That is what I think is fundamental and what I announced yesterday, because again
they messed up the announcement of this one, I announced yesterday on their behalf
that they were setting up a full leak inquiry, there was an independent investigator
being appointed and the rest. And the reason that wasn't announced on Friday was
that they failed to actually get the question in time to the House of Commons, so
I rang up to actually find out about it, but it is one error after another. It has
been a woeful story and you ask me the straight question, I think Jack Straw should
be considering his position.
HUMPHRYS: And what about the position of
Sir Paul Condon the Metropolitan Police Commissioner. You did suggest even before
the report was published which may seem a bit odd now, that he shouldn't have gone,
what about now that you've seen the report now that everything else has happened,
all various kinds of things have been going on, various incompetences, the defacing
of the memorial to Stephen Lawrence, and so on and so on, what's his position now?
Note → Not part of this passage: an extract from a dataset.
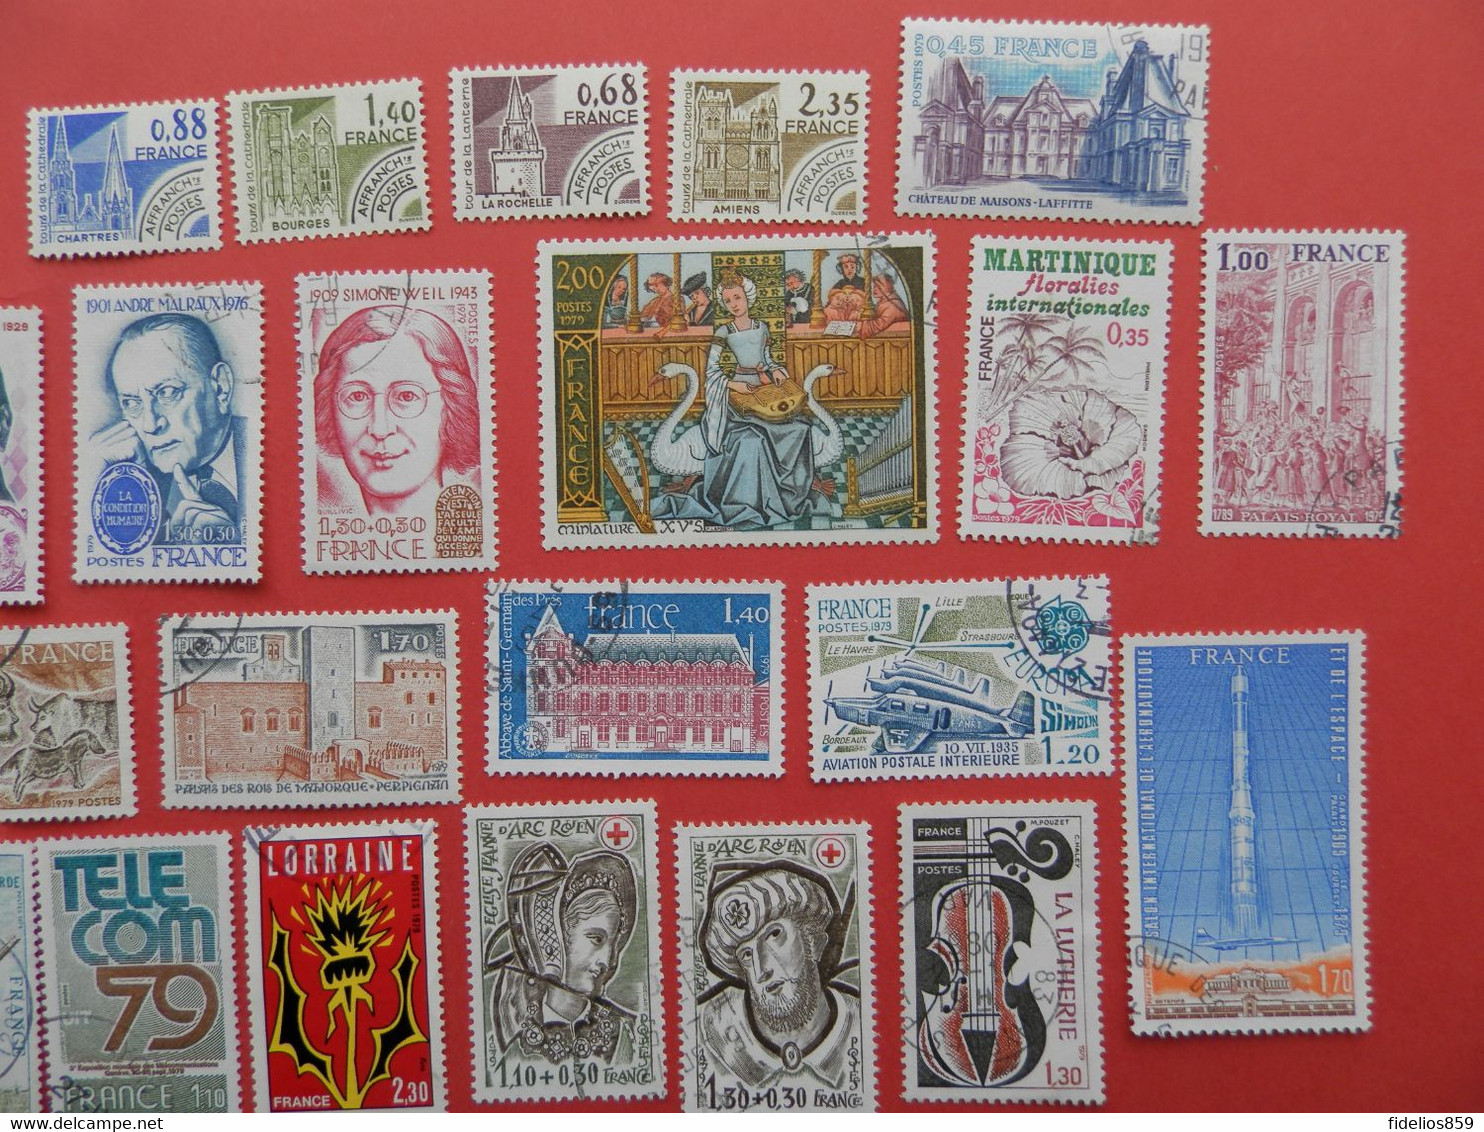 FRANCE OBLITERES LUXE : ANNEE COMPLETE 1979 ( MANQUE 2 TIMBRES ) SOIT 45 TIMBRES POSTE DIFFERENTS + PA 52 + PREOS 158/65 - 1970-1979

FOWLER: Well, I think that if you read the
report, and I think that the defacing of the Stephen Lawrence memorial was an appalling
act and I have utter contempt for those people who did it, and I think that clearly
we could have taken better action in defending it. But going to the report itself
I think that if you read the reports, and I know you have, I think that there is
some criticism of the Commissioner, but I don't think that that criticism is fundamental,
and I saw nothing in that report which indicated that he should resign. I think that
you've got to remember this, if he did resign, then I think that the impact upon
the morale of the Metropolitan Police would be very great indeed. Now I happen to
take the view that it is not the case that the Metropolitan Police is a racist force,
that isn't the case, that's not even the case that's being put, they're not, every
policeman and policewoman is not a racist.
HUMPHRYS: Incompetence apart from anything
else.
FOWLER: What we've got to do is to seek to
rebuild public trust, we've got to seek to create public trust where it clearly doesn't
exist at the moment, and to do that I think that the whole police force needs to
put their mind to it and I think over the next twelve months I think to be led by
Paul Condon is the best way of doing that, sorry...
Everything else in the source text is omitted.